Training observation is very beneficial to the instructional designer.  This is where you get to see your vision come to life.  This can be very exciting and fulfilling when the class goes well and the learners have really embraced the training.  It can also be a bit of a bummer when the activity you thought would be so awesome totally bombs. 


Regardless of how well things go or how bad something flops, you always learn something that you can use to improve the training for next time.  For example, you might notice the stormtroopers giving each other some extra pointers on effective cleaning.  These might be ideas worth including in the training for next time.


A final step you may be involved with as the instructional designer is the evaluation of the training.  At a minimum, there is usually some kind of poll or list of questions given to the learners at the end of the training so they can give feedback.  Just like with observing the training, this feedback can help improve future training. 


That is one level of evaluation.  Again, depending on the company, situation, time, there may be further levels of evaluation.  For example, evaluation where the accuracy is actually measured out in the field might occur.  This would be VERY beneficial to show actual results of your training program.  It might even save you from a Force choke by a certain Sith Lord…

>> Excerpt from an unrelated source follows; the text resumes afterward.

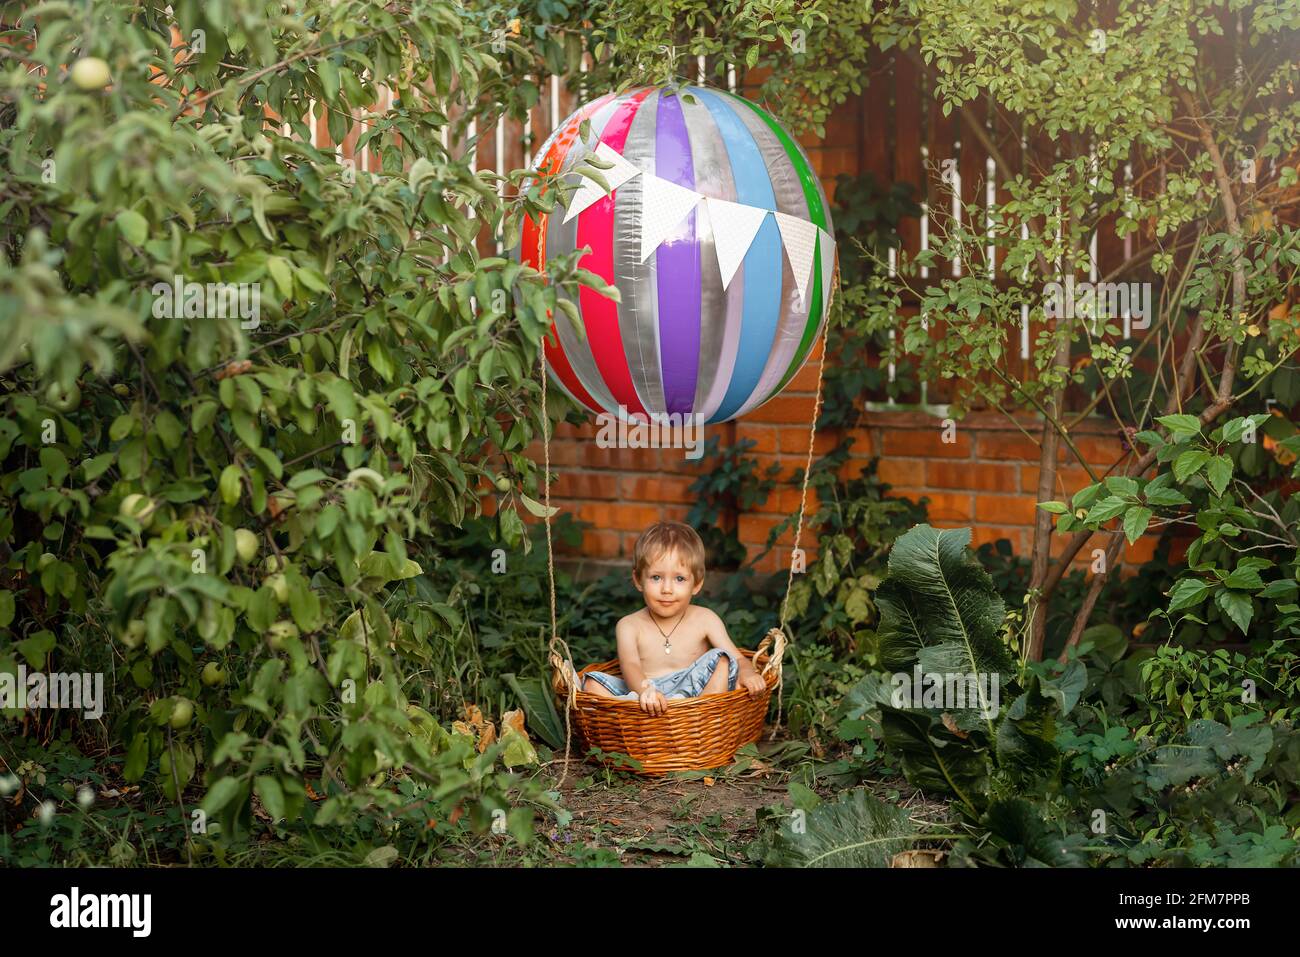 Cute child on hot air balloon. Kid riding hot air balloon. Stock Photo
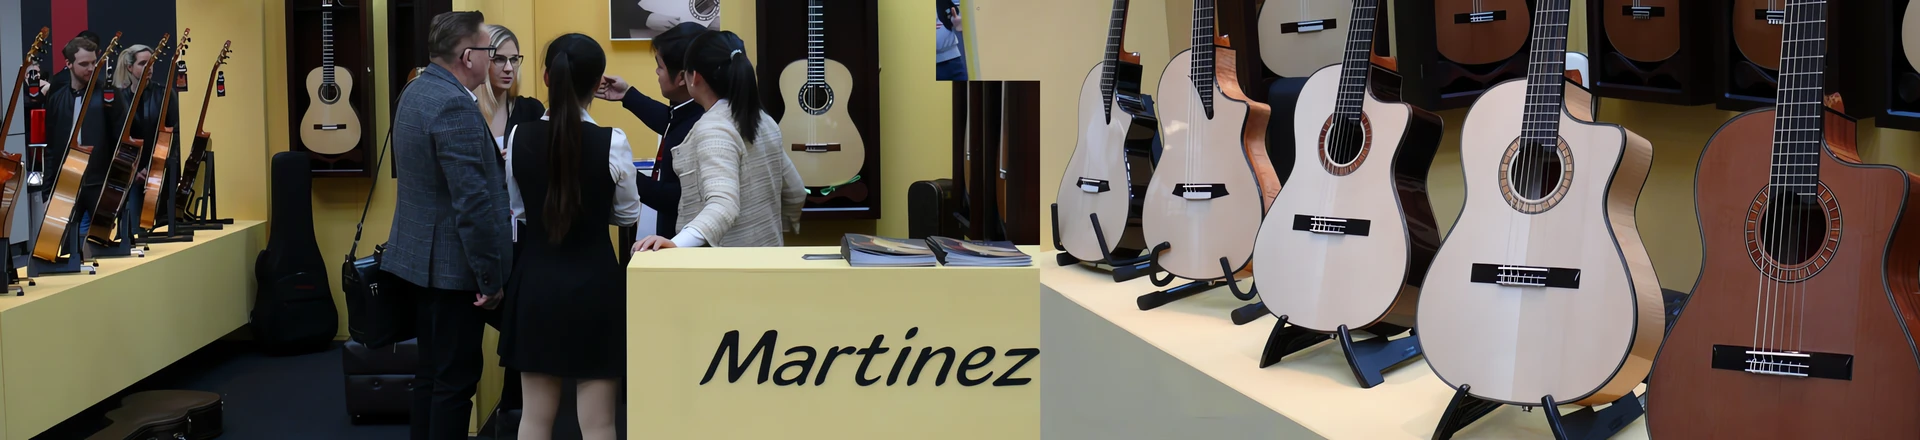 MESSE'17: Martinez - precyzja brzmienia z azjatyckim rodowodem

This is just one example of how a project might go for an instructional designer.  Other projects might involve building e-learning or training via webinar or maybe even using virtual reality.  There is endless variety which is why I love this field and why I encourage other creative types to check it out.


I hope this article helped your understanding of instructional design along with what an instructional designer does.  Do you have questions? Suggestions for other articles? Let me know in the Comments section!  Oh, and…May The Force Be With You!